Nevertheless, ready as so many prognosticators seem to be to issue grains of salt with their preliminary awards analysis, it hasn't slowed the torrent of data rocketing forth from the cognoscenti. Let's get a look at the latest:
[Click the graphs for full-size images.]
The Leading 10:
1. War Horse
2. The Descendants
3. Moneyball
4. The Ides of March
5. The Artist
6. J. Edgar
7. The Help
8. Midnight in Paris
9. Tinker, Tailor, Soldier, Spy
10. The Tree of Life
Outsiders: Extremely Loud and Incredibly Close, The Girl With the Dragon Tattoo, The Iron Lady, A Dangerous Method
Last week's Index almost directly coincided with word that the Academy was revising its rules for campaigning. To wit, no star-studded receptions! No Twitter badmouthing! Limited Q&A's! "We want to do everything we can to put the focus back on the work," AMPAS COO Ric Robertson told Steve Pond. Right. I really wish this meant great things for the masterful Melancholia and every deserving candidate on Sasha Stone's "For Your Consideration" list, but it's another toothless bit of Academy regulation that obviously can't even take effect until after nominations are announced -- by which time it's too late for "the work" that's already been buried by critics' awards, top-10 lists, and the Golden Globes, whose HFPA administrators never encountered an awards-season gravy boat they didn't nearly drown in.
Furthermore, as Scott Feinberg observes, this just drives the active campaigning underground -- not that there weren't already inky Weinsteinian currents of power and influence traversing the awards substrata, but this rule change just means that voters shouldn't be surprised when they order a pizza and someone from The Artist delivers it. Or, even likelier, someone from The Artist delivers a pizza that a voter didn't order. ("Je suis vraiment désolé! Vous n'avez pas commandé une pizza? Eh bien, tenez quand même, avec les hommages de monsieur Harvey Weinstein et L'Artiste," etc. etc.)
Of course this doesn't slow War Horse's brisk gallop through the dawn-speckled Oscar landscape. (There's even a new, corresponding dawn-speckled poster.

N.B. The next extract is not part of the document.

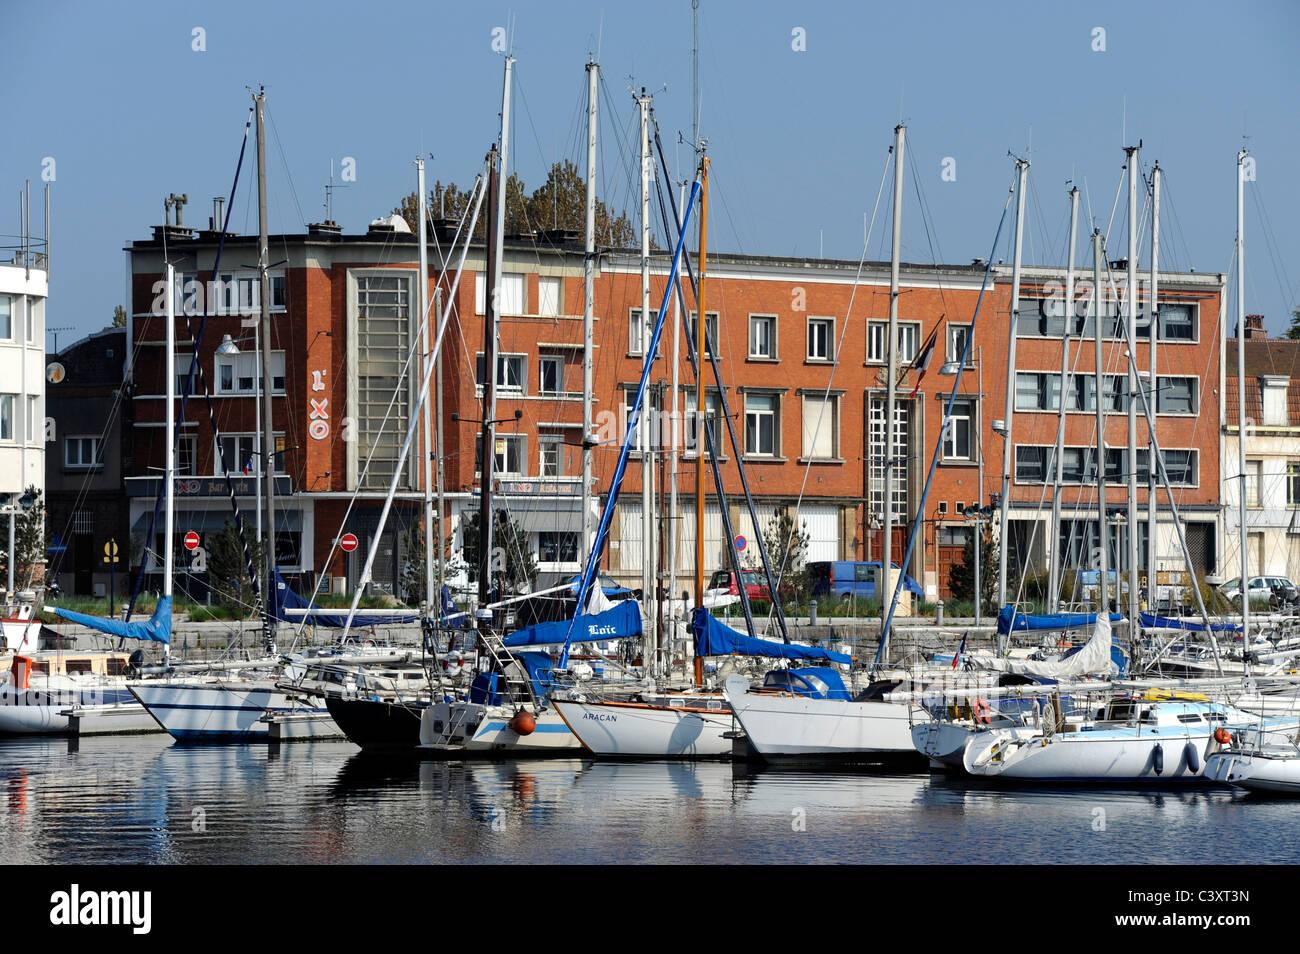 Dunkerque,Nord,Nord-Pas-de-Calais,France.Harbor for pleasure boats Stock Photo
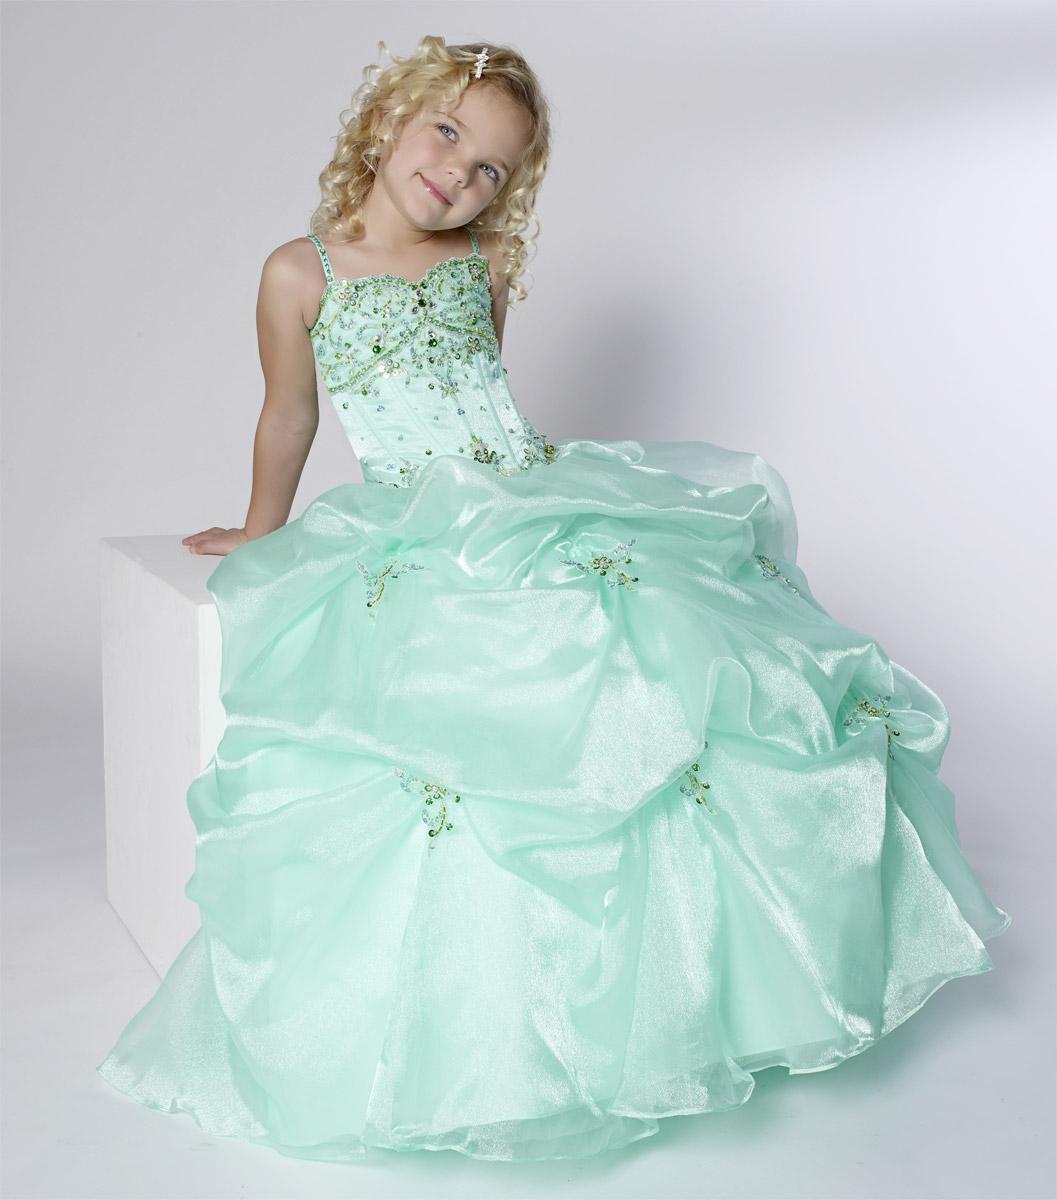 Boże Narodzenie Green Organza Paski Koraliki Kwiat Ślubny Dziewczyna Dress Dziewczyna Spódnica Urodzinowa Korowód Sukienka Custom Rozmiar 2 4 6 8 10 12 F127003

Well played, DreamWorks!) The latest editions of both Gold Derby and Gurus O'Gold have the year-end Spielberg entry reigning over the likes of the upsurging Descendants and even more upsurging Moneyball, whose opening-weekend windfall complemented its impressive Academy screening and far-flung social-media approbation. (Bret Easton Ellis and Jerry Seinfeld seemed especially jazzed in this week's edition of Twit Wit.) The aforementioned Artist also enjoyed a boost from the likes of Stone, who persuasively reminded us all:
And then there's The Artist. The Weinstein gem is the snake in the grass, as they say, driven home by a conversation I had with David Poland. [...] Some are wondering if it will even get nominated -- it's time to put those thoughts to bed. The film that has been carried through strongly from Cannes, Telluride and Toronto is The Artist and it will be a very strong force to be reckoned with. The Artist has it all - it is a movie about movies. It is a movie that is the kind of movie audiences turned to during the Depression to feel better about their own lives. "The trick," said Poland, "is whether the movie can make any money." Unlike the 1920s, getting audiences to pay for a silent, black-and-white movie seems like a daunting task.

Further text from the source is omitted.